The other fundamental datatype is the fact, a triple of data. Each field of a fact can be a text string

(stored in the dictionary) or a direct reference to another fact. Facts represent relationships among text

strings. When stored in variables, a fact reference is a number, which in turn is a text string.

User variables hold text strings. Match variables hold text strings, but a match variable is more

complex because usually it holds data found in an input sentence. As such a match variable holds the

original value seen in the sentence, a canonical form of that value, and the position reference for where

in the sentence the data came from. Match variables pass all that information along when assigned to

other match variables, but lose all but one of them when assigned to a user variable or stored as the

field of a fact.

Words are the fundamental unit of information in CS. The original words came from WordNet, and

then were either reduced or expanded. Word are reduced when some or all meanings of them are

removed because they are too difficult to manage. “I”, for example, has a wordnet meaning of the

chemical iodine, and because that is so rare in usage and causes major headaches for ChatScript, that

definition has been expunged along with some 500 other meanings of words. Additional words have

been added, including things that Wordnet doesn't cover like pronouns, prepositions, determiners, and

conjunctions. And more recent words like “animatronic” and “beatbox”. Every word in a pattern has a

value in the dictionary. Even phrases like “read my lips” in a pattern or keyword list are treated as

words in the dictionary.

Words have zillions of bits representing language properties of the word (well, maybe not zillions, but

3x64 bytes worth of bits). Many are permanent core properties like it can be a noun, a singular noun, it

refers to a unit of time (like “month”), it refers to an animate being, it's a word learning typically in first

grade. Other properties result from compiling your script (this word is found in a pattern somewhere in

your script). All of these properties could have been represented as facts, but it would have been

inefficient in either cpu time or memory to have done so.

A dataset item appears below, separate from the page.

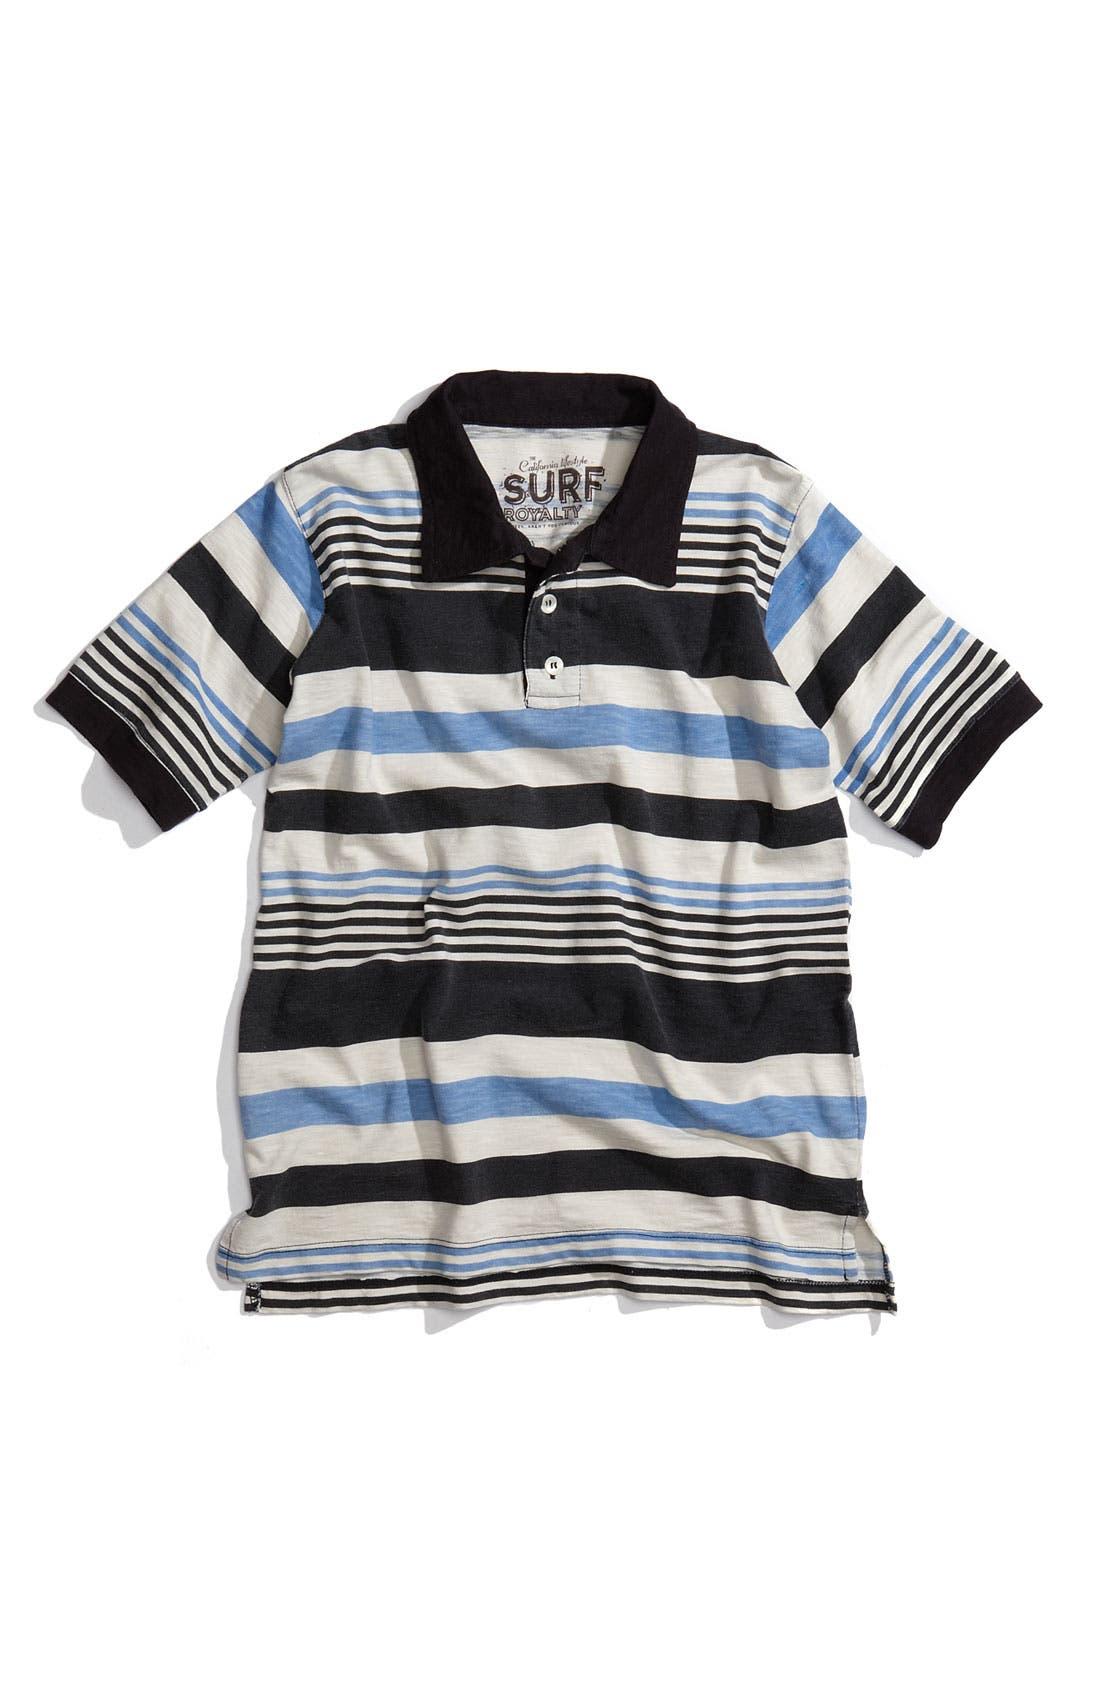 Main Image - Peek 'Malibu Stripe' Polo (Toddler)

Even things that are not words, including phrases, can reside in the dictionary and have properties, even

if the property is merely “this is a keyword of some pattern or concept somewhere”.

Some dictionary items are “permanent”, meaning they are loaded when the system starts up, either

from the dictionary or from data in layer 0 and layer 1. Other dictionary items are “transient”. They

come into existence as a result of user input and will disappear when that volley is complete. They may

live on in text as data stored in the user's topic file and will reappear again during the next volley when

the user data is reloaded. Words like dogs are not in the permanent dictionary but will get created as

transient entries if they show up in the user's input.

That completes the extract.